Stored data entries
* * * * *

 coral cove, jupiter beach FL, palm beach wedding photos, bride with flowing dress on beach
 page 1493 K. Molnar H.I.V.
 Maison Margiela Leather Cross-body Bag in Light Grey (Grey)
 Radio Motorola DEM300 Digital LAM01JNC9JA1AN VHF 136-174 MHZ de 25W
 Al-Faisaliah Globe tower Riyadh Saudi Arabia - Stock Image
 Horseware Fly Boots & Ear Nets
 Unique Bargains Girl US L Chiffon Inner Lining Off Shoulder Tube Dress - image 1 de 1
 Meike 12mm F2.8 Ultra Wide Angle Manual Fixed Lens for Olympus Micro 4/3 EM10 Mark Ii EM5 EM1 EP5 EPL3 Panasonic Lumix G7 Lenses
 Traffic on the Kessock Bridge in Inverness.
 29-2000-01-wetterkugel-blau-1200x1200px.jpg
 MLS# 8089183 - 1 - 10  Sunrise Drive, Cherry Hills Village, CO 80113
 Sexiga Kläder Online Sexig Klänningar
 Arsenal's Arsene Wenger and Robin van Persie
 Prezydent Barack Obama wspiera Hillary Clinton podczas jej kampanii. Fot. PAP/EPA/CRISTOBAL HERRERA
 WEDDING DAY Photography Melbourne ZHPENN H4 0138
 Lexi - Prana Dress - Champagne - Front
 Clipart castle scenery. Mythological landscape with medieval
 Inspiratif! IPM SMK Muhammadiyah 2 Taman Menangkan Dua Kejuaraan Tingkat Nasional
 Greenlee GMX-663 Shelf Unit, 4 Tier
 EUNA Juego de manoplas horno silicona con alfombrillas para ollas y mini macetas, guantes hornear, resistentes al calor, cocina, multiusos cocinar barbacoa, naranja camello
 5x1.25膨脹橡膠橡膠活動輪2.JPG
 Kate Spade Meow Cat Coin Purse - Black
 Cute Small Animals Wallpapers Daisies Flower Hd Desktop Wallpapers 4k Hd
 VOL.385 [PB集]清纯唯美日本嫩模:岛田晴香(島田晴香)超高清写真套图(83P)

* * * * *

● Exercise instructions
Find how many lines in the entries above have the string "with" and report only that number.

● Completed exercise
2